### Dataset content
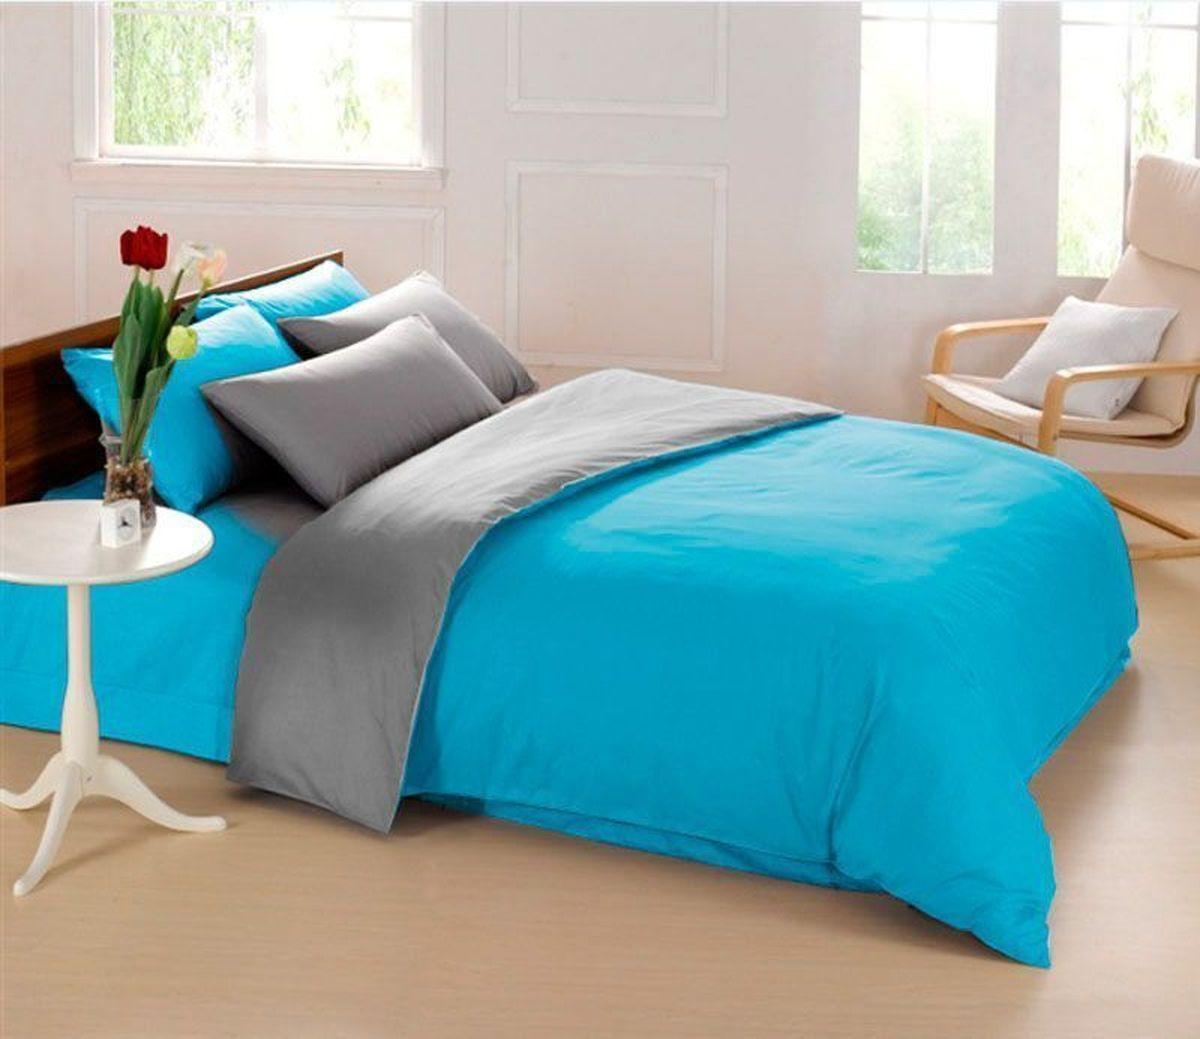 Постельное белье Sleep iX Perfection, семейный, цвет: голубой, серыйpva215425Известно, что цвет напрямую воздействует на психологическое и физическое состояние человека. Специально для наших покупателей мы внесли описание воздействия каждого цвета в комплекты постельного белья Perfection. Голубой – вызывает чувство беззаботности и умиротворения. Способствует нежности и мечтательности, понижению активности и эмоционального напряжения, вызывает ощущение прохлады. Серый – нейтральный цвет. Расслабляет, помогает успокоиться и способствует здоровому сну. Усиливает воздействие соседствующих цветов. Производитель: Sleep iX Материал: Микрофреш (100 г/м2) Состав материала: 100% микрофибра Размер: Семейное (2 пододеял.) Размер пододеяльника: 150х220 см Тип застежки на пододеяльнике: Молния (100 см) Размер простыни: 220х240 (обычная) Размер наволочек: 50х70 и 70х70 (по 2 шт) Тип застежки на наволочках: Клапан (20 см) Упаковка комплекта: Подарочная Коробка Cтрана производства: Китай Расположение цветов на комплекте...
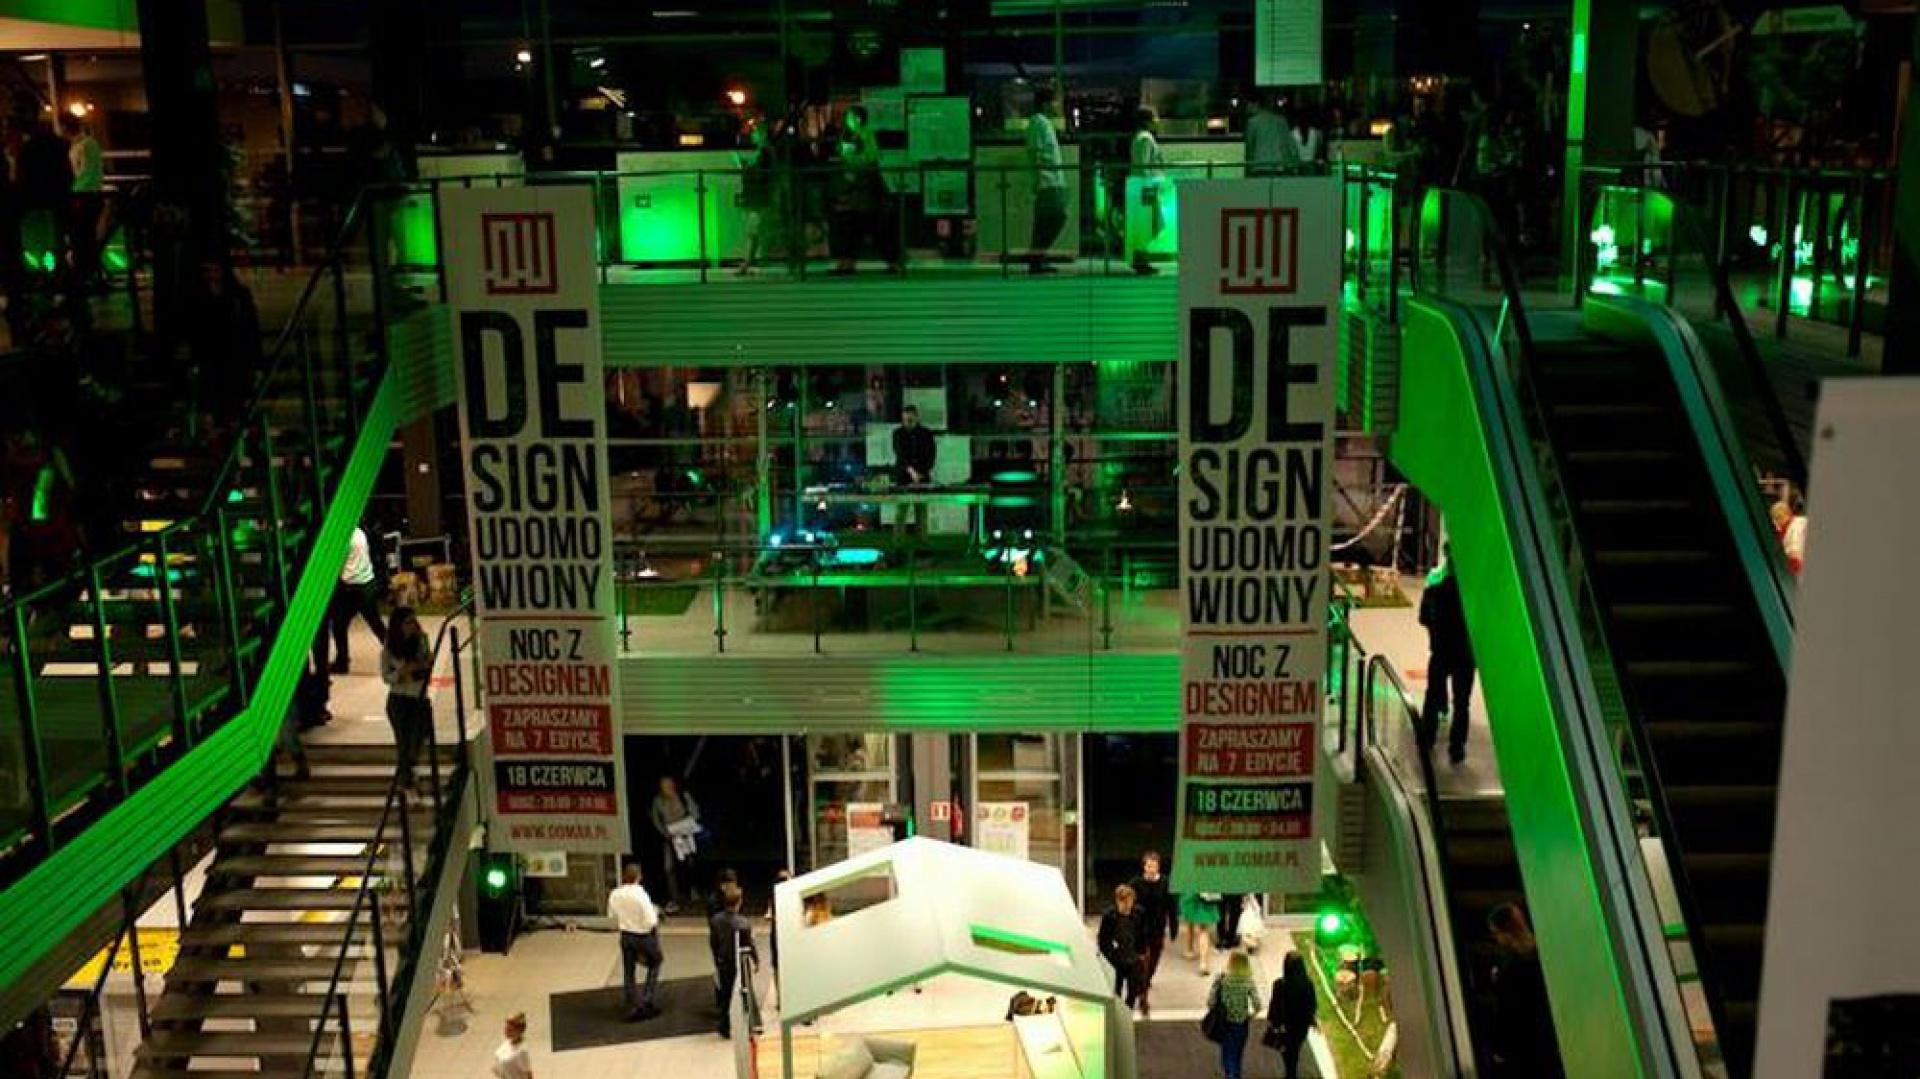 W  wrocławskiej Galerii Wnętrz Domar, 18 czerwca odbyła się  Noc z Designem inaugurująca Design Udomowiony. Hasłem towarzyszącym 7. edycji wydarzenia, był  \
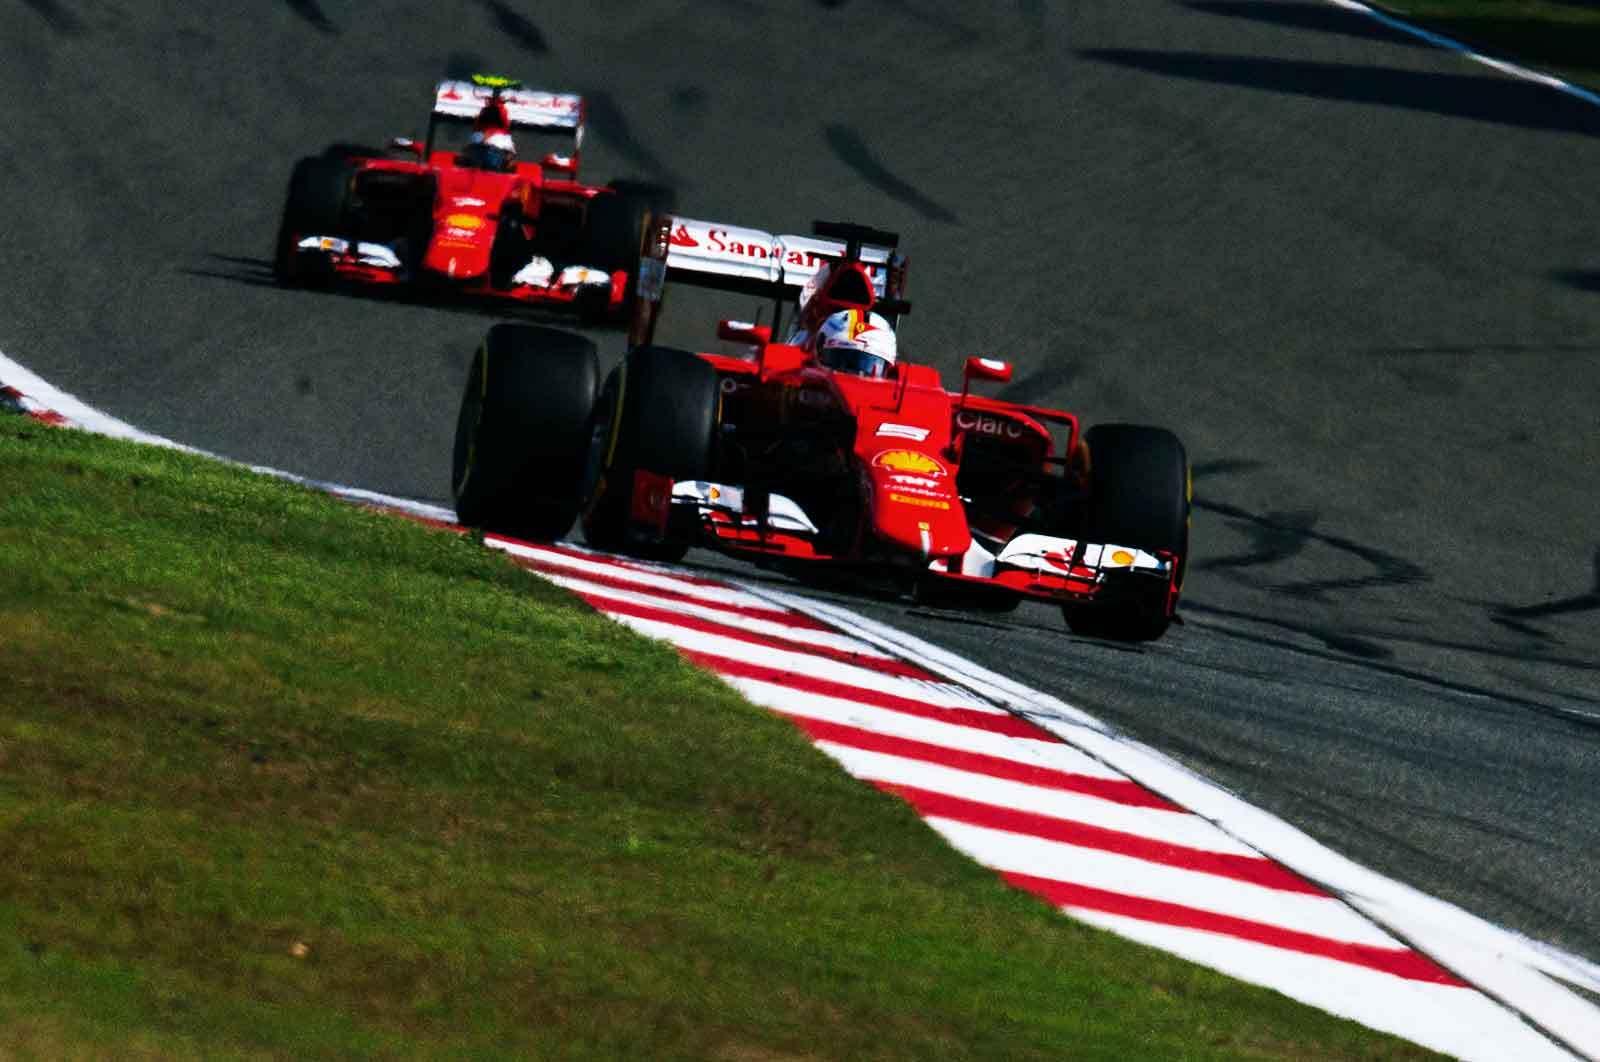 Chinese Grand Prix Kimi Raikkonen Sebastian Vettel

### About this exercise
The reply should consist only of the lines running from the one with "wrocławskiej Galerii Wnętrz" through the end of the material, both included, copied exactly; please omit pictures.

### Answer area
 W  wrocławskiej Galerii Wnętrz Domar, 18 czerwca odbyła się  Noc z Designem inaugurująca Design Udomowiony. Hasłem towarzyszącym 7. edycji wydarzenia, był  \
 Chinese Grand Prix Kimi Raikkonen Sebastian Vettel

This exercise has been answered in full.